When you examine the files in the Mint input method, you will find that the directory structure is as follows:

text
dicts
├── custom_simple.dict.yaml        # Custom dictionary, where you can add your favorite words
├── luna_pinyin.biaoqing.dict.yaml # Emoji dictionary
├── luna_pinyin.emoji.dict.yaml    # Emoji dictionary (may be removed in the future)
├── luna_pinyin.extended.dict.yaml # Extended dictionary for Luna Pinyin (may be removed in the future)
├── rime_ice.41448.dict.yaml       # Extended single-character dictionary for Rime Ice
├── rime_ice.8105.dict.yaml        # Basic single-character dictionary for Rime Ice
├── rime_ice.base.dict.yaml        # Core basic lexicon for Rime Ice
├── rime_ice.en.dict.yaml          # English dictionary for Rime Ice
├── se_words.dict.yaml             # Commonly used lexicon for software industry
├── terra_rime_ice.base.dict.yaml  # Earth Pinyin dictionary (generated by Python)
└── wubi98_base.dict.yaml          # Wubi 98 dictionary

The content of the lexicon files is written as follows:

yaml
---
name: Lexicon Name
version: "Version Number"
sort: by_weight (sort by weight) | original (sort in the order of the character table)
columns:    # When columns attribute is not specified, the default order is:
- text    # Vocabulary
- code    # Code
- weight  # Weight
- stem    # Word-building code (not related to Pinyin scheme)
  ...
  你好	ni hao	123
  For lexicon files without phonetic annotation but with weight specified, modify the columns accordingly:

---

For example, note that the format inside the lexicon is 'Word'<Tab>'Pinyin'<Space>'Pinyin'<Space>'Pinyin'<Tab>'Weight':

yaml
# Rime dictionary
# encoding: utf-8
#
# Personalized terms - by @Mintimate
# It is recommended to add custom phrases or words here
---
name: custom_simple
version: "2023.11.30"
sort: by_weight
...

# Personal names
# Common phrases
哈哈	ha ha	99
macOS	mac	99
可以	ke yi	99
# (。
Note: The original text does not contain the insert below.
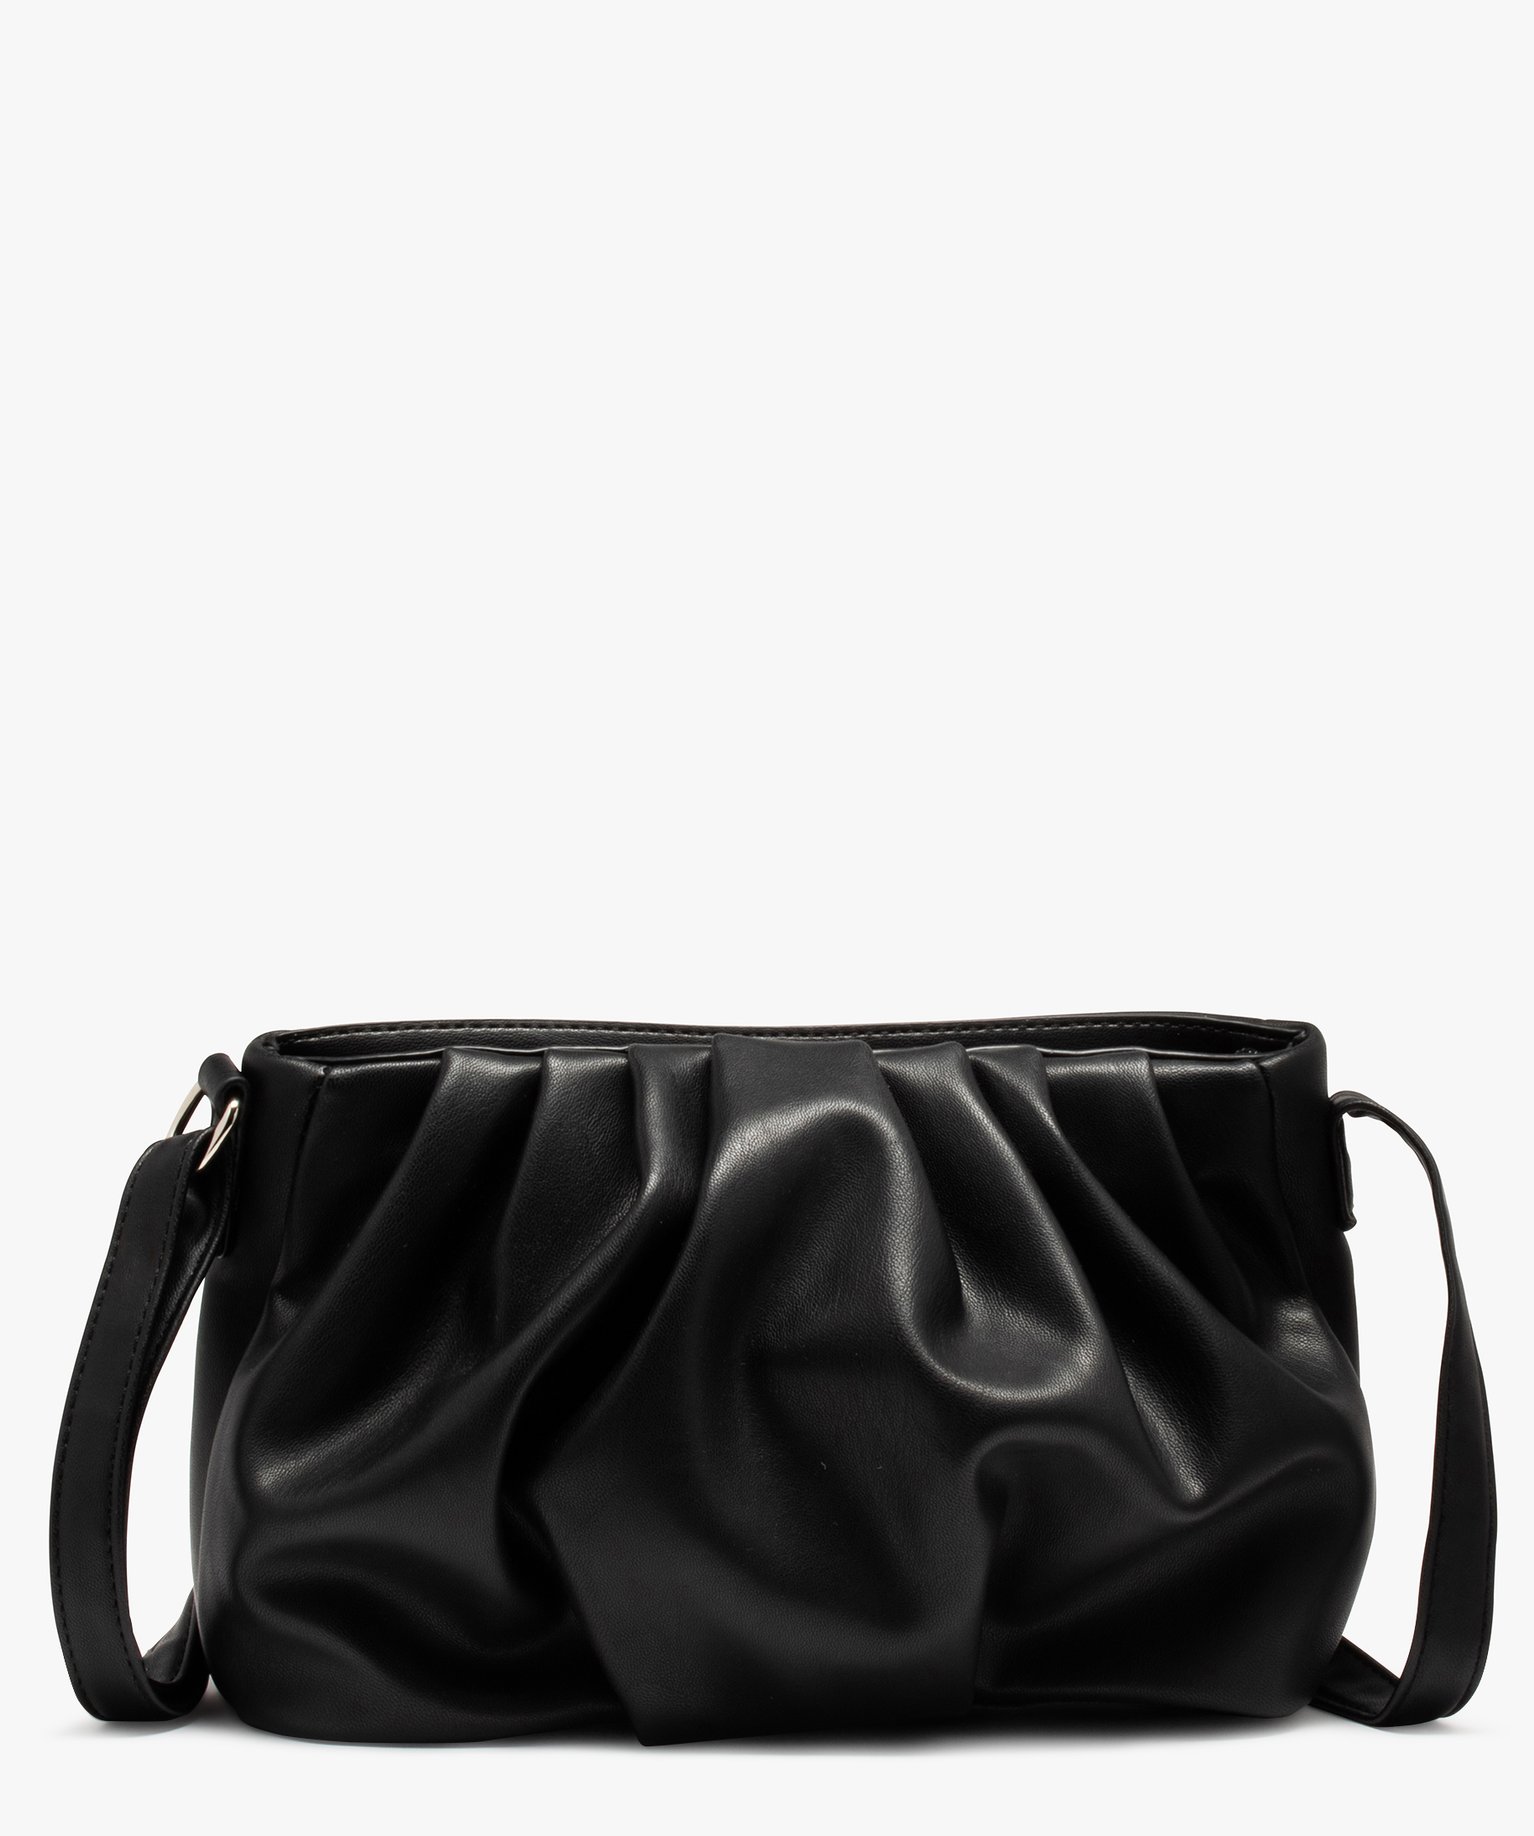 sac femme avec devant aspect drape noir sacs bandouliere
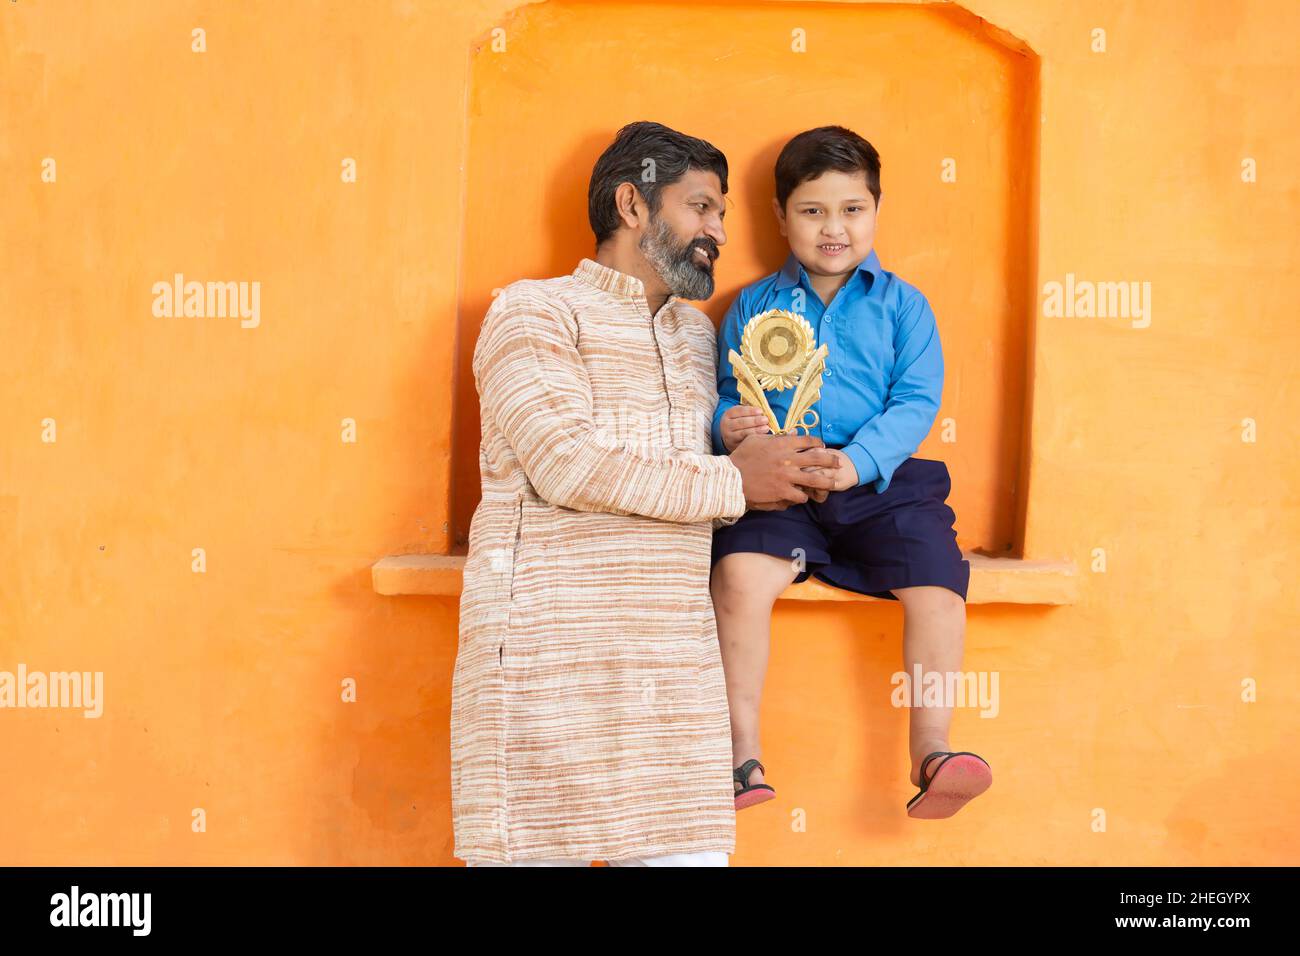 Portrait Junge glückliche indische Vater mit seinem niedlichen Sohn mit Siegerpreis, lächelnder Mann in traditionellem Outfit, der mit dem Jungen in der Schulkleidung Showin steht Stockfoto

>ㅅ<。)
Mintimate	mintimate	1
https://www.mintimate.cn	mintimate	2
Mintimate's Blog	mintimate	3

These lexicons are referenced by the lexicon driver configuration in the root directory:

text
├── custom_dict_en.all.dict.yaml        # English lexicon for Mint input method
├── custom_dict_terra.all.dict.yaml     # Terra Pinyin Mint custom lexicon
├── custom_dict.all.dict.yaml           # Mint Pinyin lexicon
└── custom_dict.wubi.dict.yaml          # Wubi 98 Mint custom lexicon

Let's see how internal references are used:

yaml
---
name: custom_dict.all ## Note that the name should match the filename
version: "2020.6.7"
sort: by_weight
# This is where you specify the dictionaries used by the input method, to supplement the extended dictionary.
import_tables:
  - dicts/rime_ice.8105 # Mist Pinyin common character collection
  - dicts/rime_ice.41448 # Mist Pinyin complete character collection
  - dicts/custom_simple # Custom
  - dicts/rime_ice.base # Mist Pinyin https://github.com/iDvel/rime-ice
  - dicts/se_words # Internet network vocabulary
  - dicts/luna_pinyin.biaoqing # Emoticons
  - dicts/luna_pinyin.emoji # Emoji Ext
...

Important:

  • name: The name is the filename without the .dict extension, and the filename should end with .dict.
  • import_tables: Enumerate the lexicons that need to be imported.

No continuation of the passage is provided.